Si l’impact de ce dispositif est estimé positif par les entreprises, il est encore trop tôt pour dresser le bilan de son efficacité. Les études disponibles ou attendues pour l’année 2013 doivent en effet être prises avec précaution, faute de données offrant un recul suffisant. Ces travaux tendent à montrer qu’il y aurait un effet additif du CIR, sans effet de substitution, ni effet d’entrainement. C’est ce que suggère également l’évolution des dépenses de R&D des entreprises qui, si elle a été positive, n’a pas été en proportion de l’aide fiscale apportée par l’État au titre du nouveau régime du CIR. Les travaux sur l’impact du crédit d’impôt recherche doivent se poursuivre pour mieux pouvoir établir son efficacité. Ils doivent également tenir compte du fait que le CIR ne peut pas être regardé uniquement comme une aide à la R&D des entreprises mais constitue aussi une baisse ciblée de la fiscalité des entreprises les plus exposées à la concurrence.
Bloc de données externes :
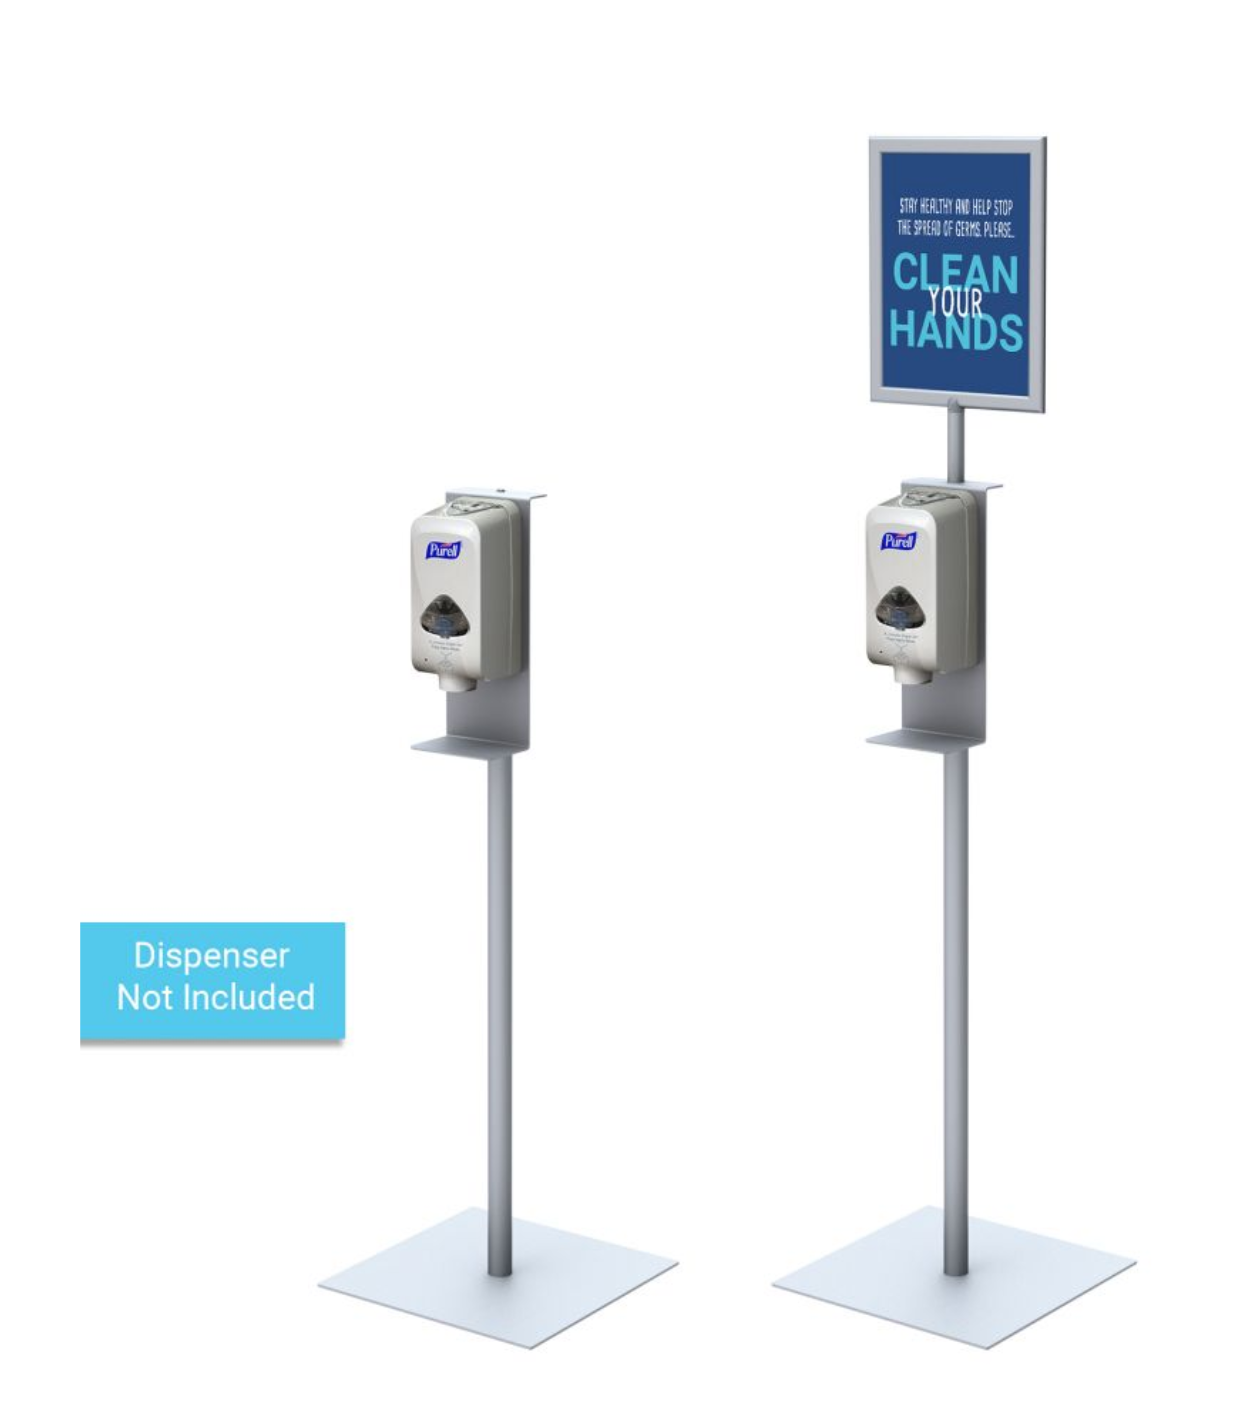 Automatic Hand Sanitizer Pump Dispenser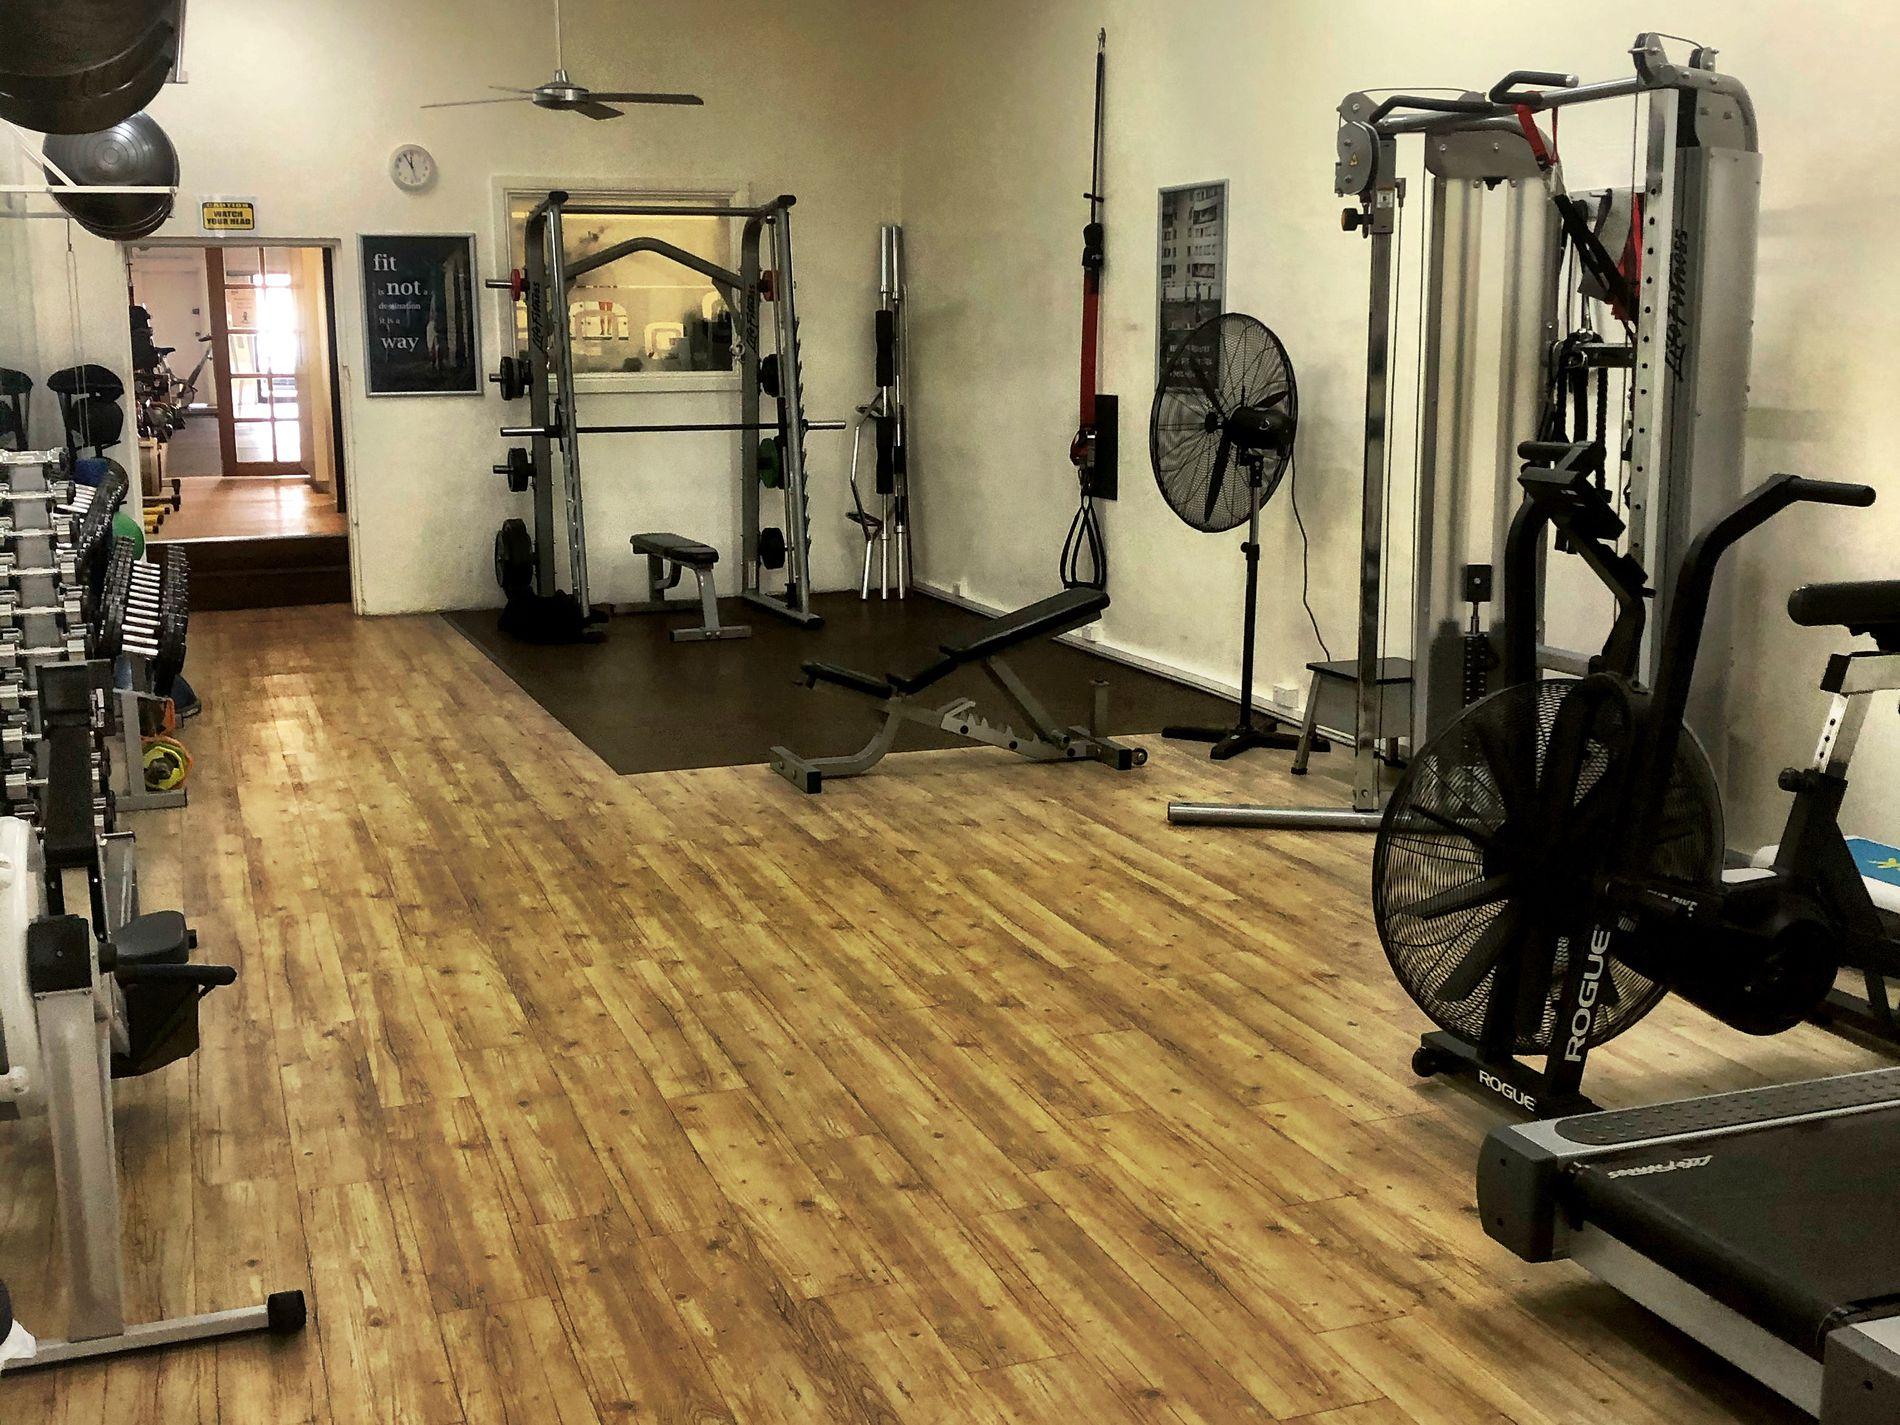 Bayside Gym Training Fitness Studio Business For Sale

L’évolution du crédit d’impôt recherche est très dynamique. La Cour l’a examinée sur la base des dernières données disponibles, à savoir l’année 2011, s’agissant du droit à crédit d’impôt constitué par les entreprises. Entre 2007 et 2011, le nombre d’entreprises déclarant du CIR a doublé, passant de 9 800 à 19 700 entreprises (+ 101 %) ; les dépenses déclarées ont augmenté nettement moins sensiblement (+ 19 %, soit 15,4 Md€ en 2007 et 18,4 Md€ en 2011) ; compte tenu de la

transformation du régime du CIR en 2008, le droit à crédit d’impôt des entreprises, c’est-à-dire leur créance fiscale, est passé de 1,8 Md€ à 5,2 Md€ (+187 %, soit un quasi-triplement).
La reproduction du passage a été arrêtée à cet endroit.